Keywords: Marxism, Foucault, critical psychology, critique, subject-scientific standpoint, situated practice-research, power


 

 

INTRODUCTION

As a teacher at a Danish university, I regularly present myself as a critical psychologist, who works from a so-called subject-scientific perspective, first developed by the German psychologist Klaus Holzkamp (1927-1995) and further developed by, amongst many others, a number of Danish psychologists (Axel, 2002; Dreier, 2008; Schraube, 2009; Højholt, 2011; Nissen, 2012). Presenting this German-Danish version of critical psychology, a thing that never fails to puzzle people is how a psychology that claims to be critical can take as its point of departure people's own perspectives on their own situated practices, and then, on top of that, claim to relate this theoretically to the writings of Marx?
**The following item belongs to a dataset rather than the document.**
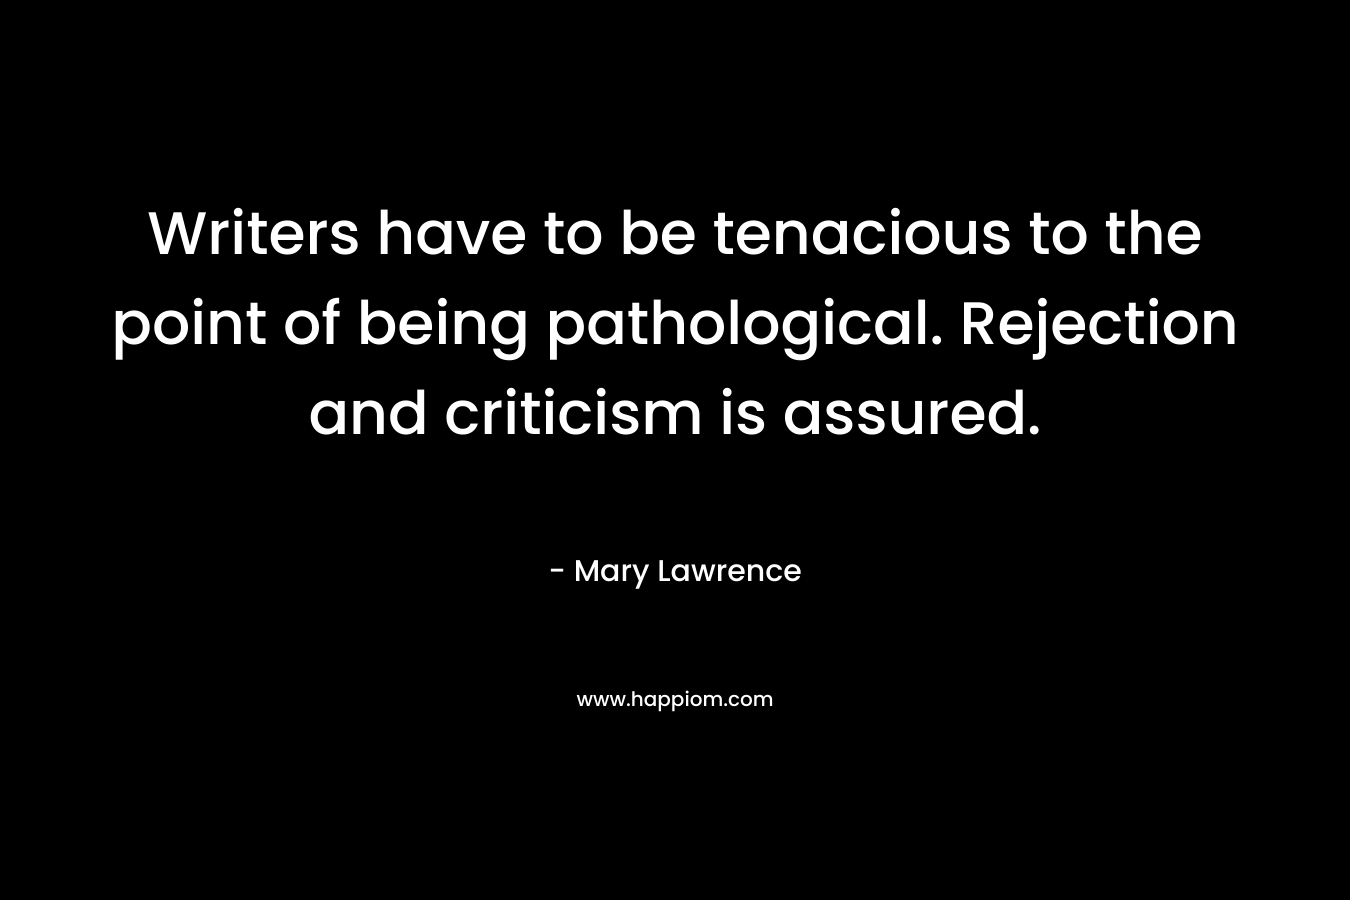 Writers have to be tenacious to the point of being pathological. Rejection and criticism is assured. – Mary Lawrence

Does the world we live in today not confront so many huge social, cultural and environmental problems that it seems we rather need a psychology that takes as its point of departure an understanding of the overall political, structural and societal workings of our societies? And is this not exactly what an interest in Marx is all about: realizing that the subject matter of psychology is historical and societal through and through? If not for other reasons, then at least because psychology compared to, for example, sociology seems to show a distinct lack of self-reflective awareness of the discipline's relationship to wider cultural and socio-political trends and developments.

These are certainly valid and relevant objections and concerns, and perhaps for the same reason, objections and concerns that were raised numerous times during the conference on Marxism and psychology in which I presented the paper this article is based on (http://marxpsyconference.teocripsi.com). The concept of "critique" carries connotations of analytical distance and detachment. This is so for good reason, since not only Marx, but also more recent theories of critique and power, for example the important work of Michel Foucault, stress the indispensable need to reflexively and critically examine the conditions of our own agency and becoming. Despite obvious differences, both Marx and Foucault relate the preservation of oppressive power relations to our day-to-day participation in specific practices that afford compliance with certain ideas, norms and modes of action. Thus it may seem rather naive to insist on a psychology that takes as its point of departure people's own first-person perspectives on their everyday-life activities, and furthermore claims that this constitutes a possible starting point for critical, let alone Marxist, psychology. Nevertheless, it is this endeavour that I will try to argue for and discuss here. Firstly, by pursuing a train of thought in Marx's work that I think is neglected in much Marxist theorizing, even though it presents an important counterweight to the tiresome tendency for totalization and determinism in Marxist theory and practice. Secondly, by discussing the work of Foucault and the challenges his work poses to understanding societal power relations from a situated subject-scientific standpoint.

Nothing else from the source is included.